我正在尝试使用C中的二叉树来实现内存管理模拟(伙伴)。这里概述了系统如何工作的想法:
http://en.wikipedia.org/wiki/Buddy_memory_allocation
第一次输入值时,代码工作正常,并提供所需的输出。这个问题是第二次输入值时产生的。我使用递归函数遍历树,我得到一个错误,结构存在,但结构的成员不存在。
Program received signal SIGSEGV, Segmentation fault.
[Switching to Thread 1 (LWP 1)]
0x00010b2c in allocate (node=0x401ba18a, reqSize=1000) at temp.c:95
95 if(node->flag == 1){
(gdb) print node
$1 = (struct block *) 0x401ba18a
(gdb) print node->flag
Cannot access memory at address 0x401ba192
相关代码发布在下面,真的很感激任何帮助!
static int allocate(struct block* node, int reqSize) {
//BASE CASES!
printf("We've called allocate\n");
//check if the request is too small
if(reqSize < minSize){
printf("The request is too small!\n");
return -1;
}
//check if the request is too large
if(reqSize > memory){
printf("The request is too large!\n");
return -1;
}
//check if the current block is already allocated
if(node->flag == 1){
printf("This block has been allocated!\n");
return -1;
}
//var to hold returned value
int returnVal = 0;
//If the size of the request is less than or equal to half the node
if(reqSize<(node->size)/2){
printf("The size of the request is less than or equal too half the node\n");
//check if there is a left node, if not, make one and call allocate
if(node->left == NULL){
printf("There's no left node so we are making one and calling allocate with it\n");
struct block buddy1 = { .init =1.};
buddy1 = findSpace();
buddy1.init = 1;
buddy1.size = ((node->size)/2);
printf("with the size %d\n",(node->size)/2);
buddy1.flag = 0;
buddy1.parent = node;
buddy1.left = NULL;
buddy1.right = NULL;
struct block buddy2 = { .init =1.};
buddy2 = findSpace();
buddy2.init = 1;
buddy2.size = ((node->size)/2);
printf("with the size %d\n",(node->size)/2);
buddy2.flag = 0;
buddy2.parent = node;
buddy1.left = NULL;
buddy1.right = NULL;
node->left = &buddy1;
node->right = &buddy2;
returnVal = allocate(node->left,reqSize);
return returnVal;
}
//otherwise call allocate on the left node
printf("There is a left node so we are calling allocate on it\n");
returnVal = allocate(node->left,reqSize);
if(returnVal == -1){
printf("couldn't allocate a left node for some reason, so we are checking if a right node exists\n");
if(node->right ==NULL){
printf("it doesn't.
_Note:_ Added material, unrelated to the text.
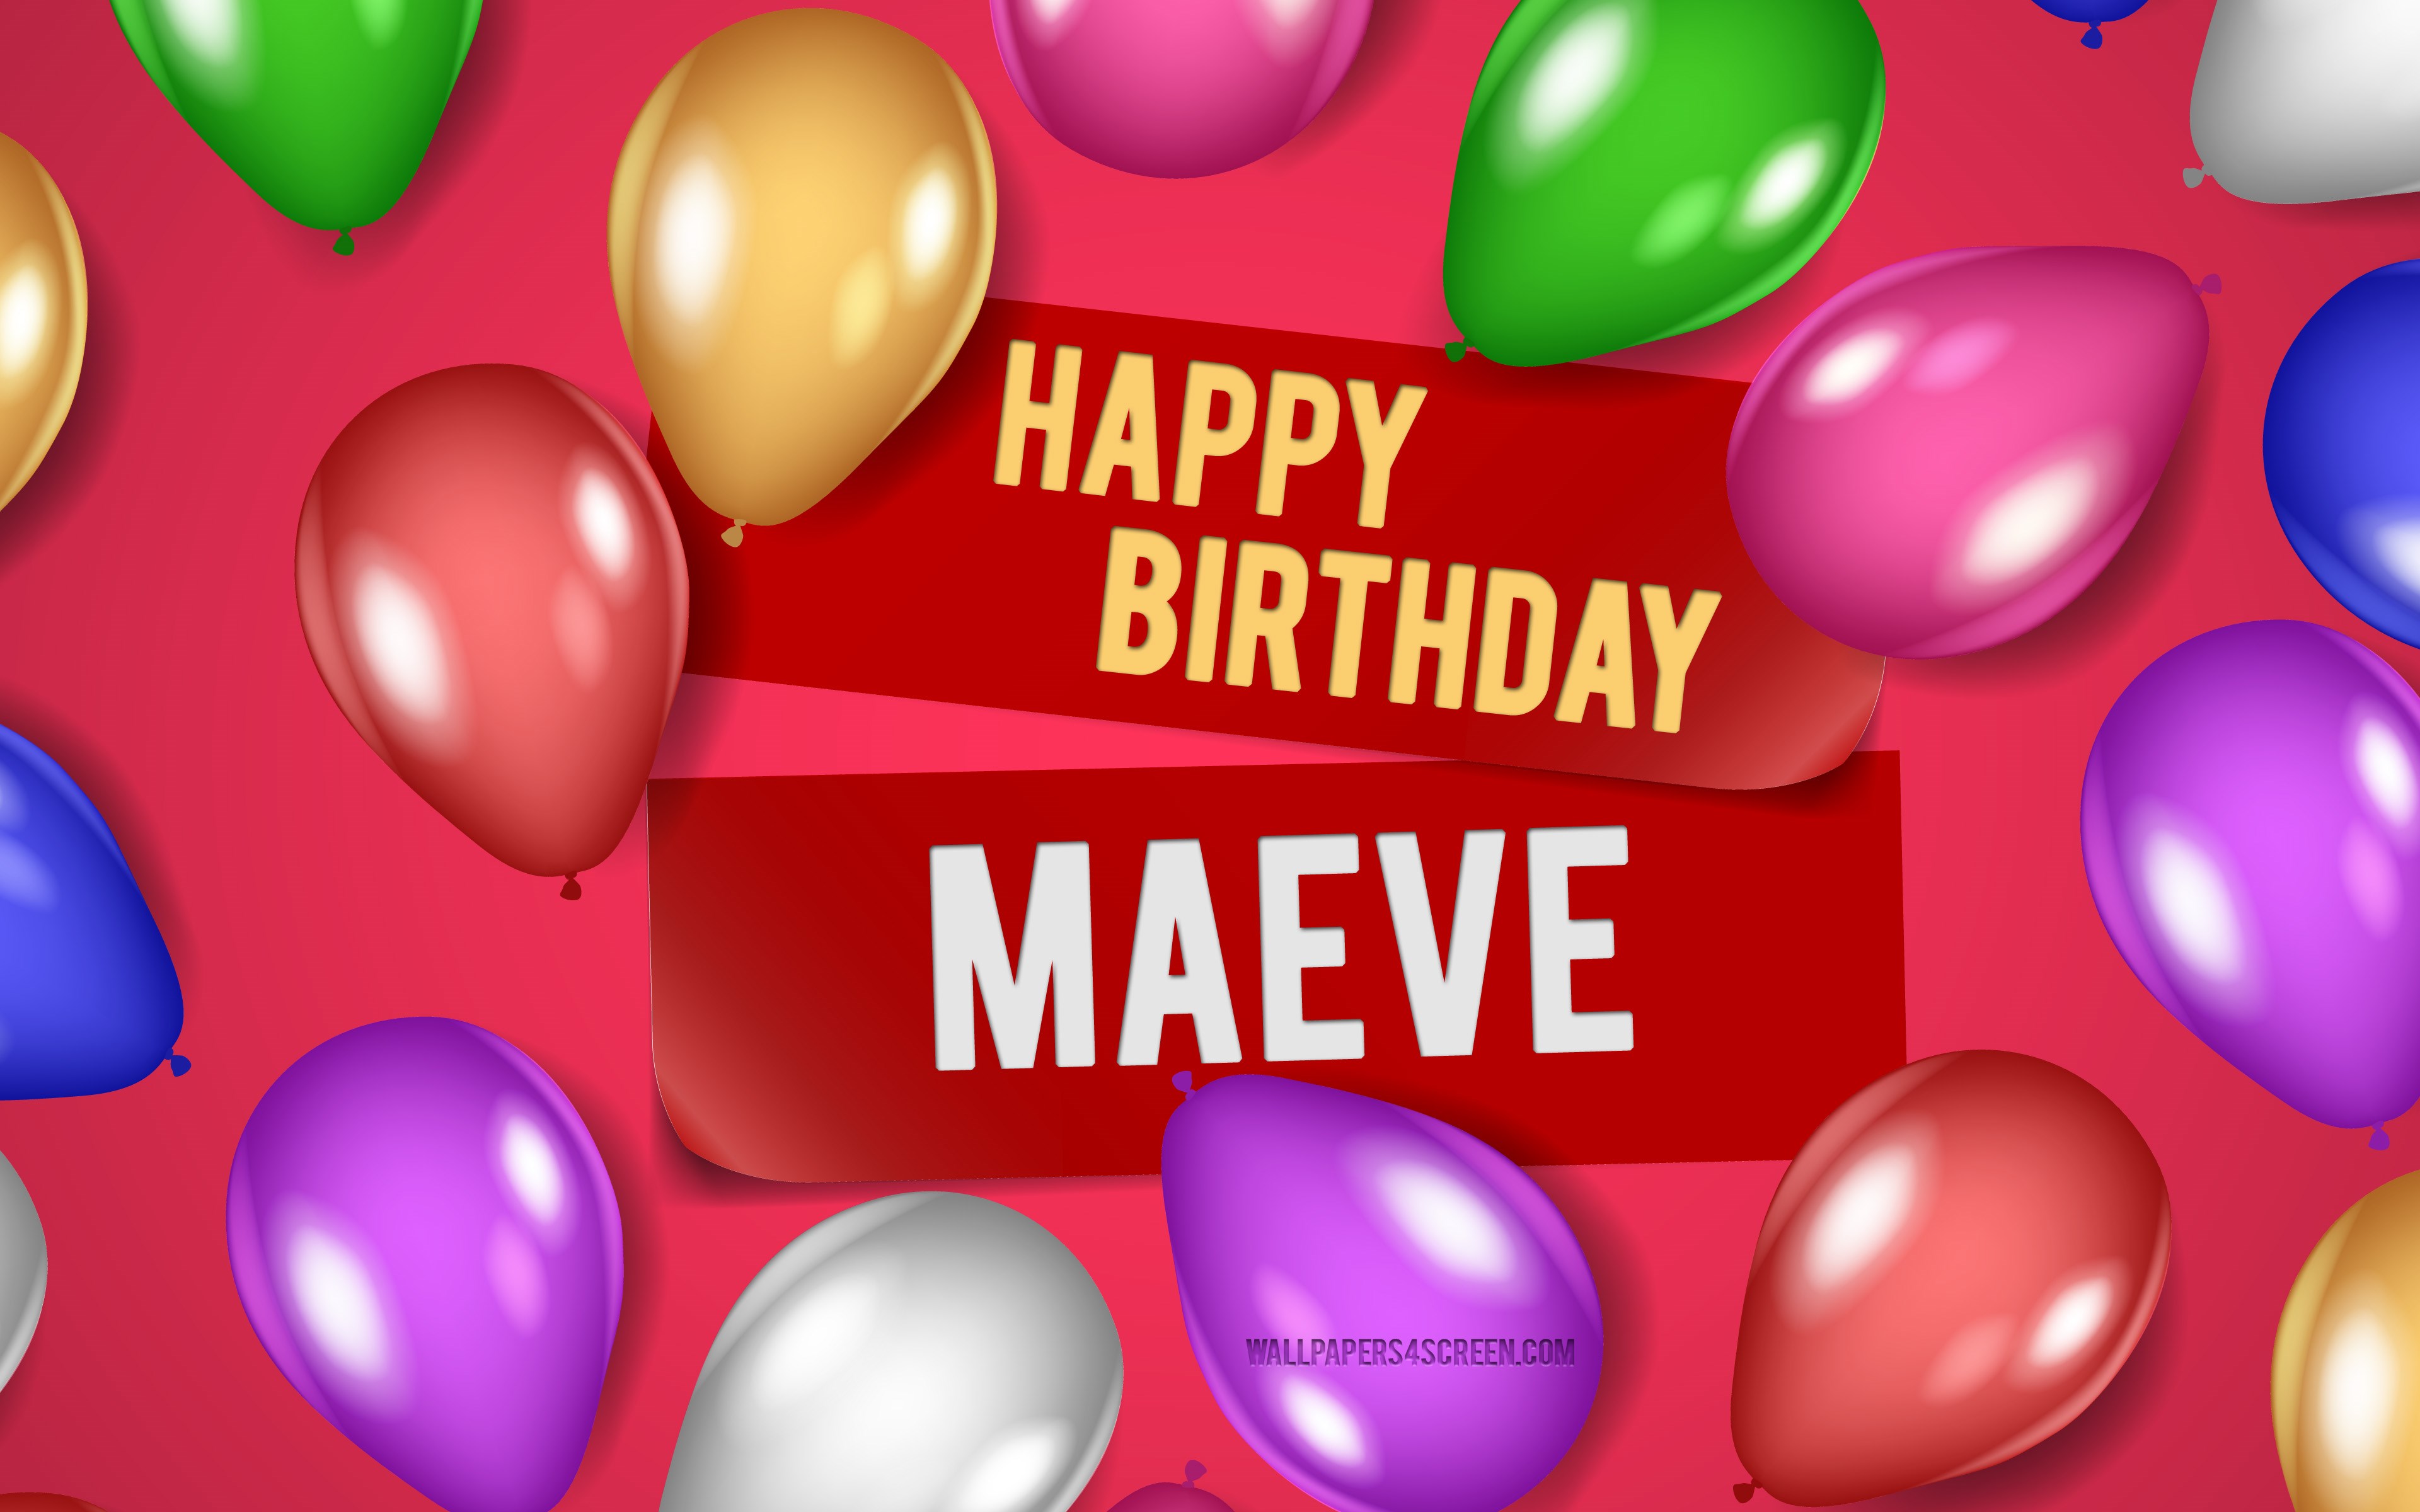 바탕 화면 다운로드 4k, 메이브 생일 축하해, 분홍색 배경, 메이브 생일, 현실적인 풍선, 인기있는 미국 여성 이름, 매에브 이름, maeve 이름이 있는 사진, 매에브

We're making one and calling allocate on it!\n");
struct block buddy = { .init =1.};
buddy = findSpace();
buddy.init = 1;
buddy.size = ((node->size)/2);
printf("with the size %d\n",(node->size)/2);
buddy.flag = 0;
buddy.parent = node;
//node->left = NULL;
node->right = &buddy;
returnVal = allocate(&buddy,reqSize);
}
printf("it did, so we are calling allocate on it\n");
returnVal = allocate(node->right,reqSize);
//return returnVal;
}
return returnVal;
}
if(node->flag == 1){
return -1;
}
printf("This is the node we need!\n");
node->flag = 1;
printPostOrder(&blockArr[position]);
return 1;
}
答案 0 :(得分:1)
您的伙伴节点是局部变量,在堆栈上分配,并在分配函数返回时被销毁。您没有显示block结构或findSpace函数的定义,因此很难提供更多帮助。
为什么要部分初始化每个好友(.init被分配一个浮点1),然后立即用findSpace的返回值覆盖整个结构?
第三个伙伴(从左侧分配的右侧失败)没有像其他两个伙伴一样初始化它的左右指针NULL。这里有很多复制代码可能最好放在它自己的函数中。
通常,树结构是隐式的,您只需从位于每个空闲块前面的结构中创建一个空闲列表。合并块时,您可以通过将您的地址与您的尺寸进行异或来确定您的好友的地址。您只需要每个块一个位来告诉您伙伴是否空闲(并且具有标头结构),如果是,您可以检查标头以确保其大小相同。唯一需要的附加存储是一个位向量,每个最小可分配块为1位,允许您快速确定标头的存在而无需扫描空闲列表。哦,自由列表应该双重链接,允许您从中间删除元素(无需从头开始扫描列表)。如果您愿意为已分配的块添加标头,则可用大小将不再是2的幂,但您可以避免使用外部位向量。